玉米MYB家族ZmMYB3R基因的克隆及抗逆功能研究
发布时间:2018-09-18 07:50
【摘要】:玉米作为重要的粮食作物和工业原料,在其生物进化过程中为应对各种逆境胁迫形成了复杂的调控网络。其中,通过转录因子与靶基因的结合来调控各种逆境相关基因的表达,可以提高植物对逆境的抗性。研究表明,MYB家族转录因子能够积极地响应植物逆境胁迫。其中R2R3亚家族是高度保守的、最为广泛的一类参与植物逆境胁迫的亚家族。而R1R2R3亚家族基因在植物逆境胁迫中的功能报道还较少,只有个别基因在拟南芥和水稻以及小麦中被发现与耐盐、耐旱等一些抗逆功能相关。本研究通过生物信息学分析并筛选了玉米中R1R2R3亚家族基因,结合PCR方法从玉米中克隆了Zm MYB3R基因。
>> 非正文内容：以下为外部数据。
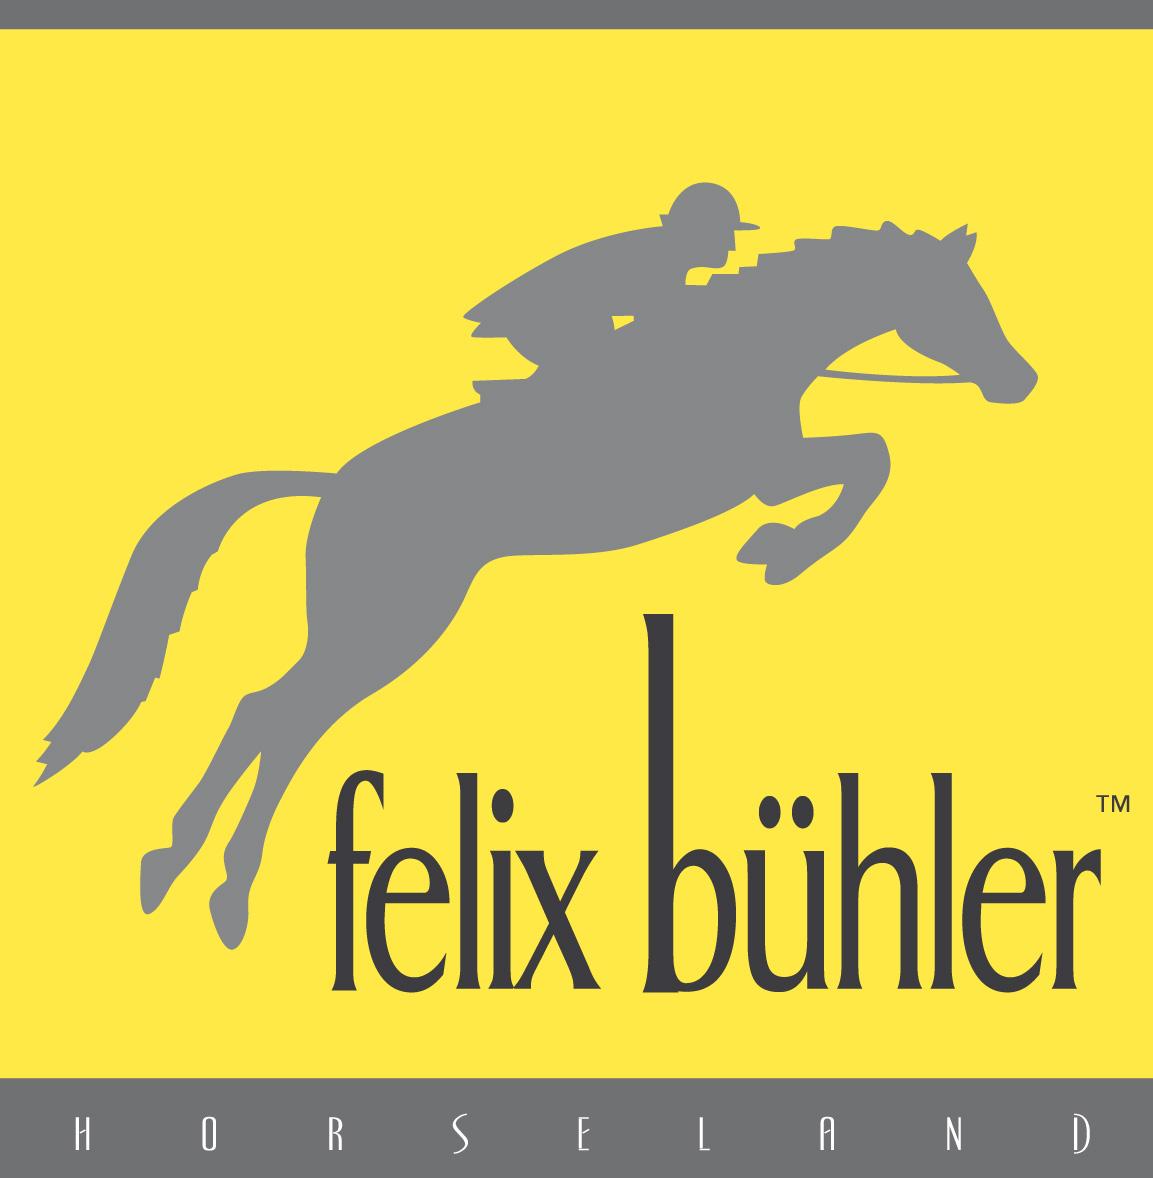 felix_buehler_logo
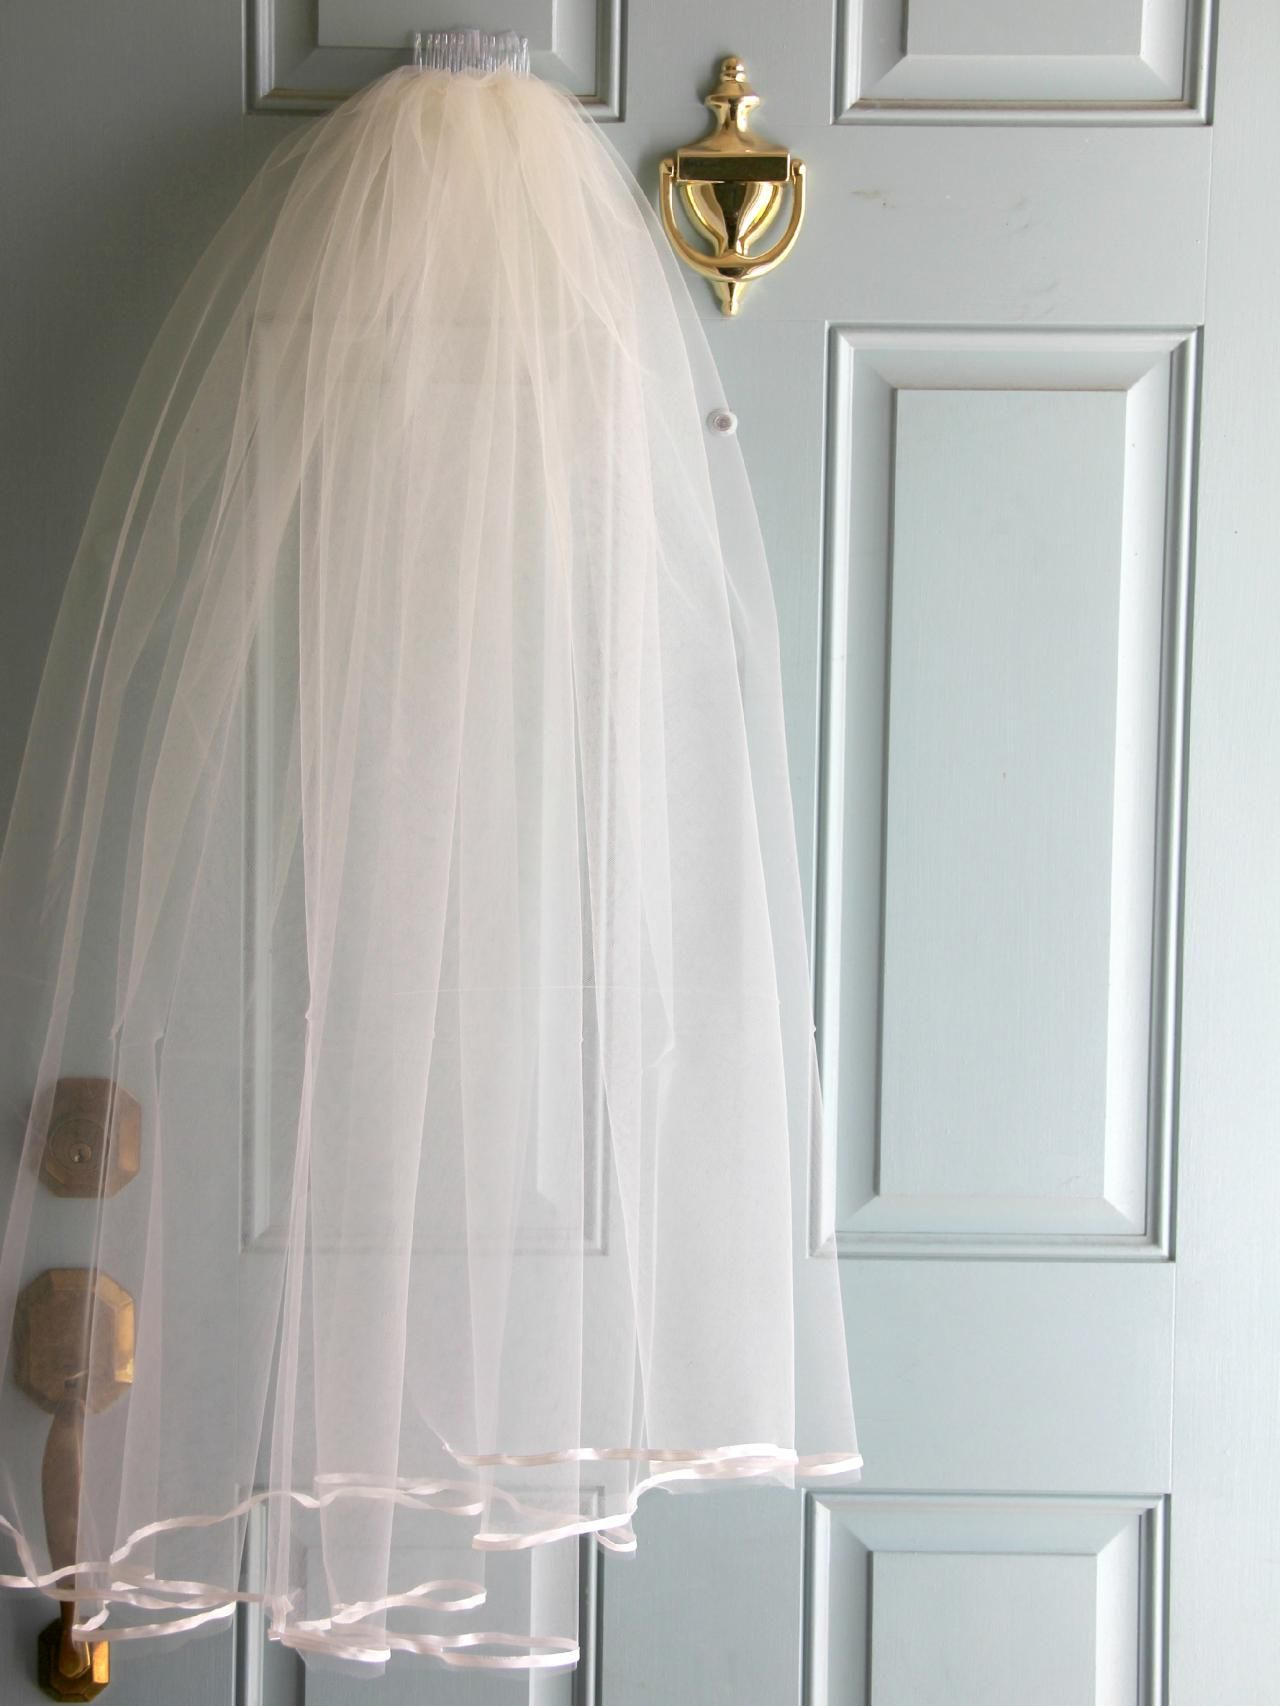 How to make a classic wedding veil diy wedding veil

利用亚细胞定位、荧光定量PCR以及过表达转基因手段等一系列研究方法明确了该基因在玉米抗逆过程中的功能,并对其响应逆境胁迫的机制做了初步分析。具体结果如下:1.序列分析发现Zm MYB3R基因全长为1692bp,编码563个氨基酸,分子质量为61.66k D,等电点为8.33。在N端有三个MYB结构域,每个结构域中有三个色氨酸残基。同时Zm MYB3R基因与近缘物种逆境相关的3R基因的进化关系非常紧密。2.荧光定量PCR结果表明Zm MYB3R基因受外源ABA、干旱和高盐胁迫条件的诱导表达。同时组织表达模式分析显示Zm MYB3R在各个组织中均有不同程度的表达,其中在茎和叶片中表达量较高。3.通过亚细胞定位分析发现,Zm MYB3R转录因子是核定位蛋白。转录活性分析表明该基因具有转录活性,通过筛选得出活性区域为217-563bp。4.利用PCR方法构建过表达载体结合农杆菌侵染法获得转基因拟南芥植株。在MS培养基上添加Na Cl和Mannitol模拟高盐、干旱环境。除此之外在真实环境下高盐和干旱处理植株,并测定伤害度。胁迫处理结果显示:相较于野生型,转基因植株的耐盐和抗旱能力明显提高。5.ABA敏感性实验表明,转基因植株种子的萌发率明显高于野生型,叶片气孔孔径显著减小。用外源的ABA处理转基因型和野生型的拟南芥,发现转基因型的拟南芥的发芽率明显高于野生型。而转基因拟南芥的气孔在ABA处理后孔径相对变的更窄。6.荧光定量PCR分析显示转基因植株中的ABA合成及下游相关基因的表达较野生型明显上调,表明Zm MYB3R通过调控ABA信号途径增强植物的抗逆性。说明Zm MYB3R可以依赖于ABA诱导下游逆境相关基因表达,从而提高植物的非生物胁迫的耐受力。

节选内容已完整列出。